[Requirement]: Repeat exactly the lines below, from the line containing "This ring is" through the last line, both included. Leave out any pictures.

[Given data]:
····················
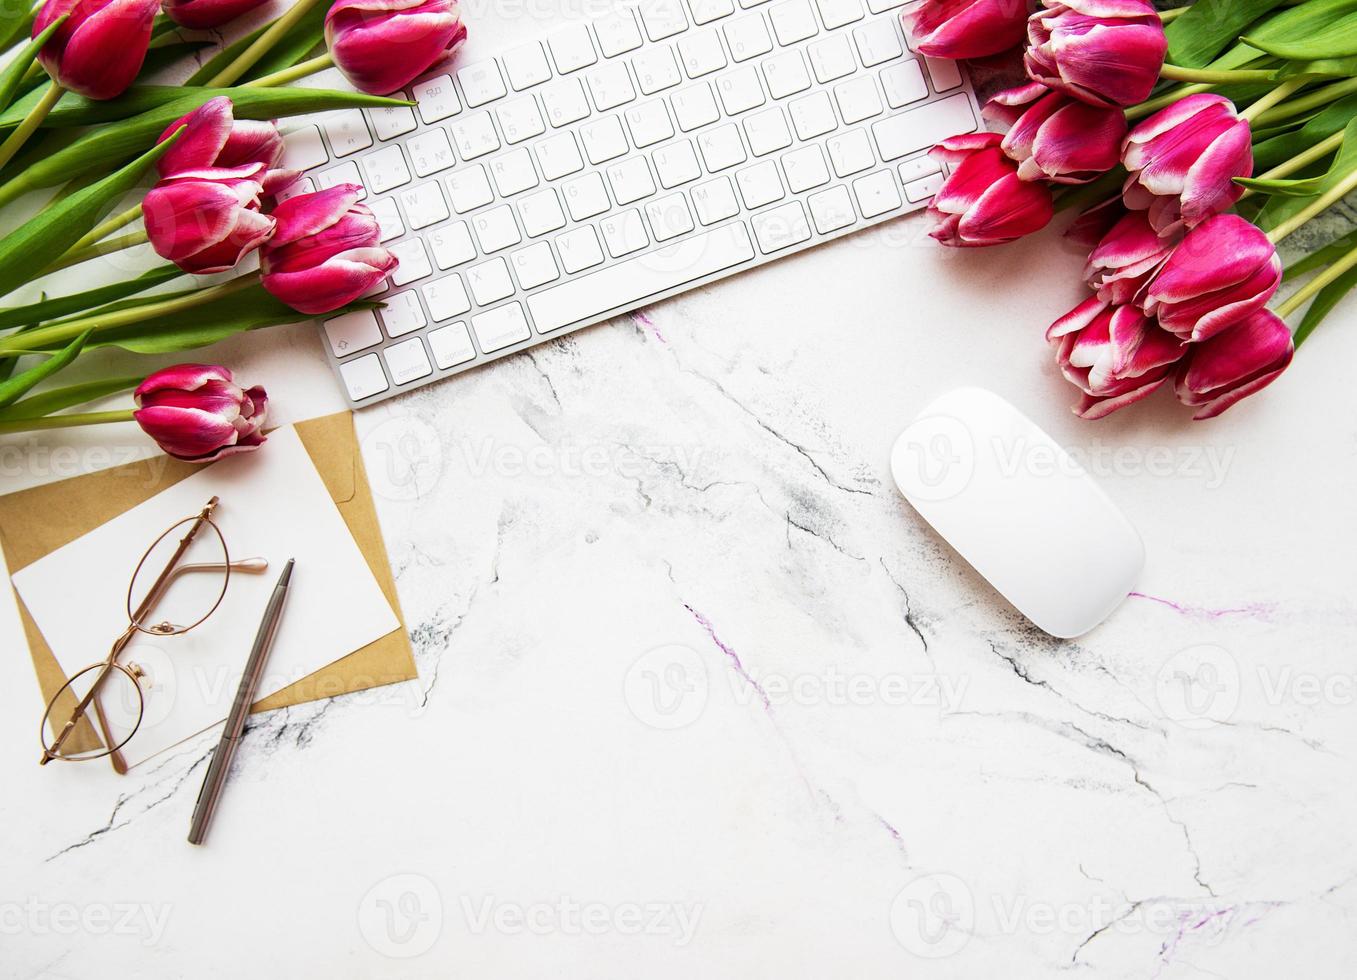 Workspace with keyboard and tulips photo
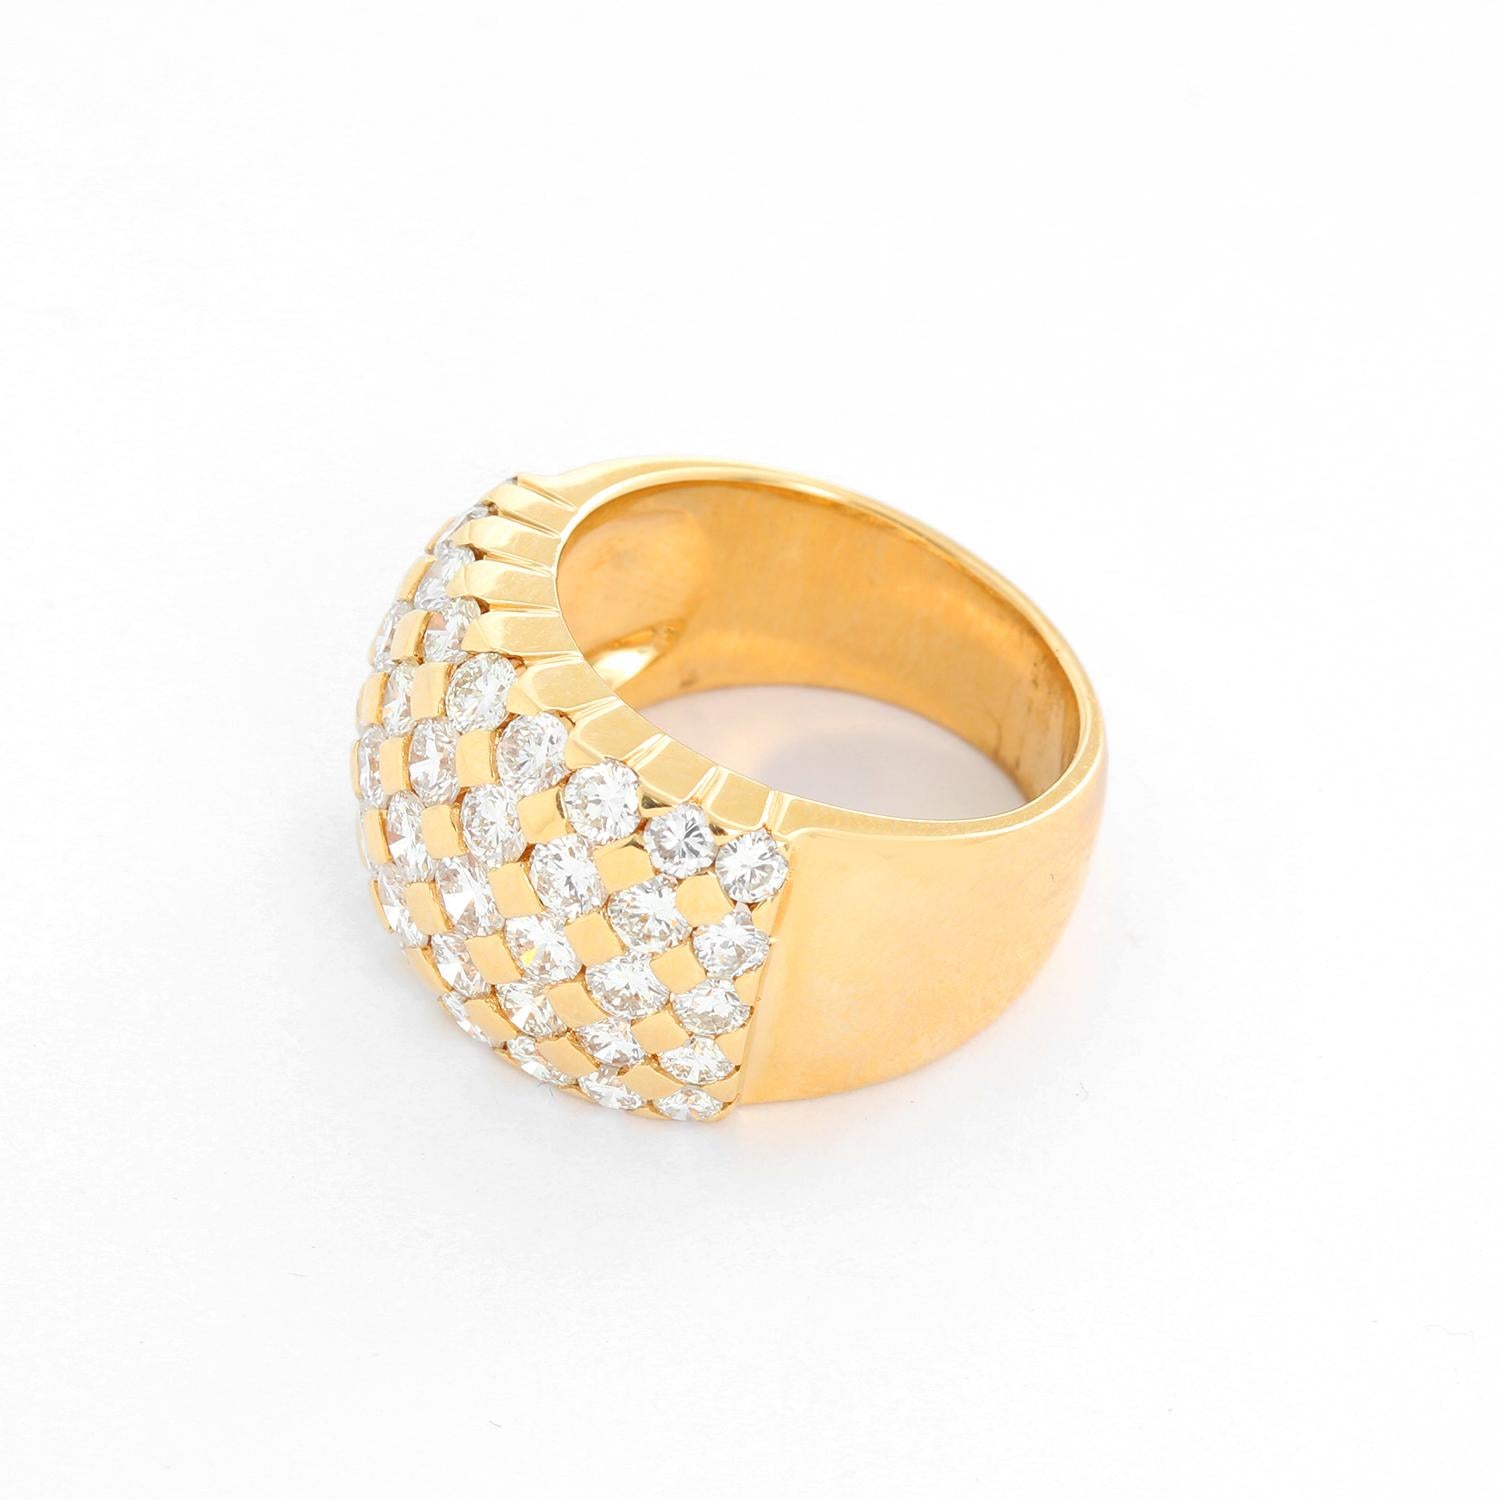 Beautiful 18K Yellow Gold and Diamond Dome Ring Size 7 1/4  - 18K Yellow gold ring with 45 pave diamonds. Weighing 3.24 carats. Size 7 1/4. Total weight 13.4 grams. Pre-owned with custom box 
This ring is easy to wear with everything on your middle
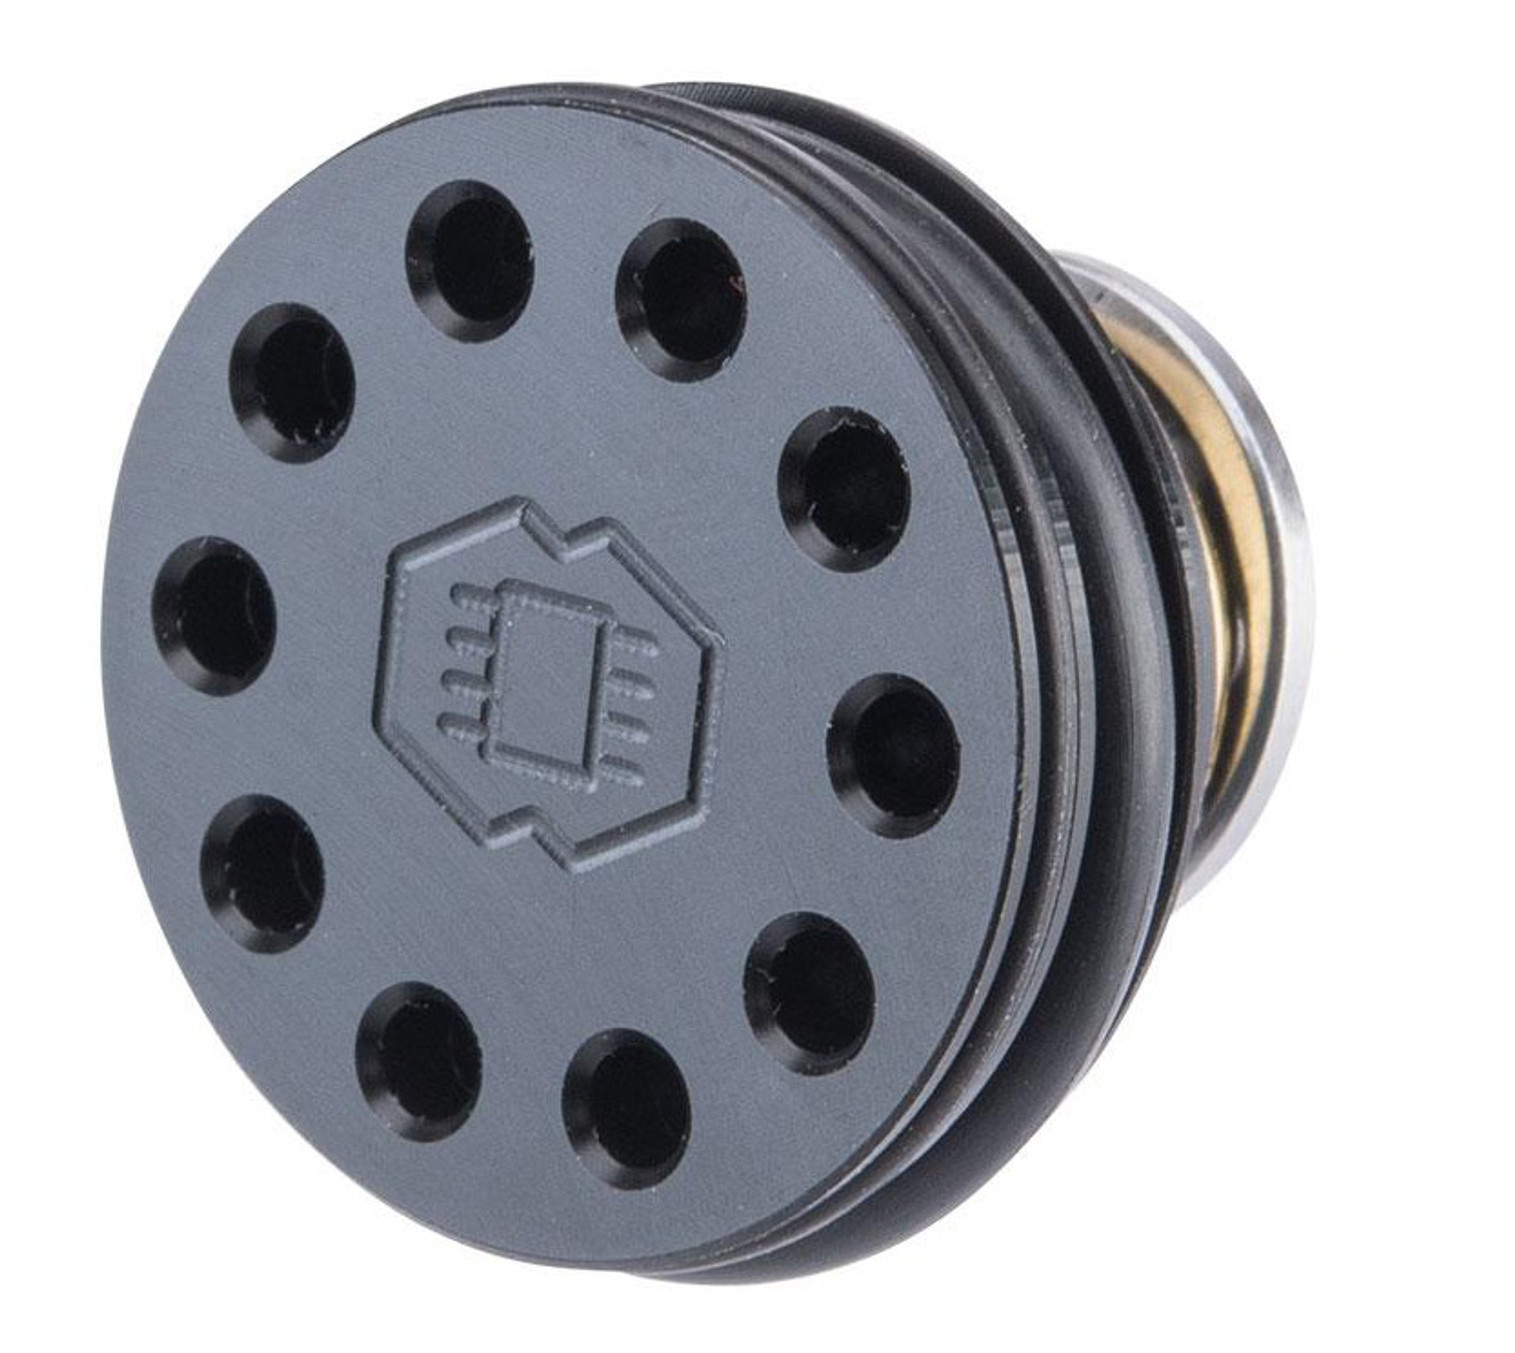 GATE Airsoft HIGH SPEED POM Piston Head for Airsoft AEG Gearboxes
····················
[Your response]:
This ring is easy to wear with everything on your middle
 GATE Airsoft HIGH SPEED POM Piston Head for Airsoft AEG Gearboxes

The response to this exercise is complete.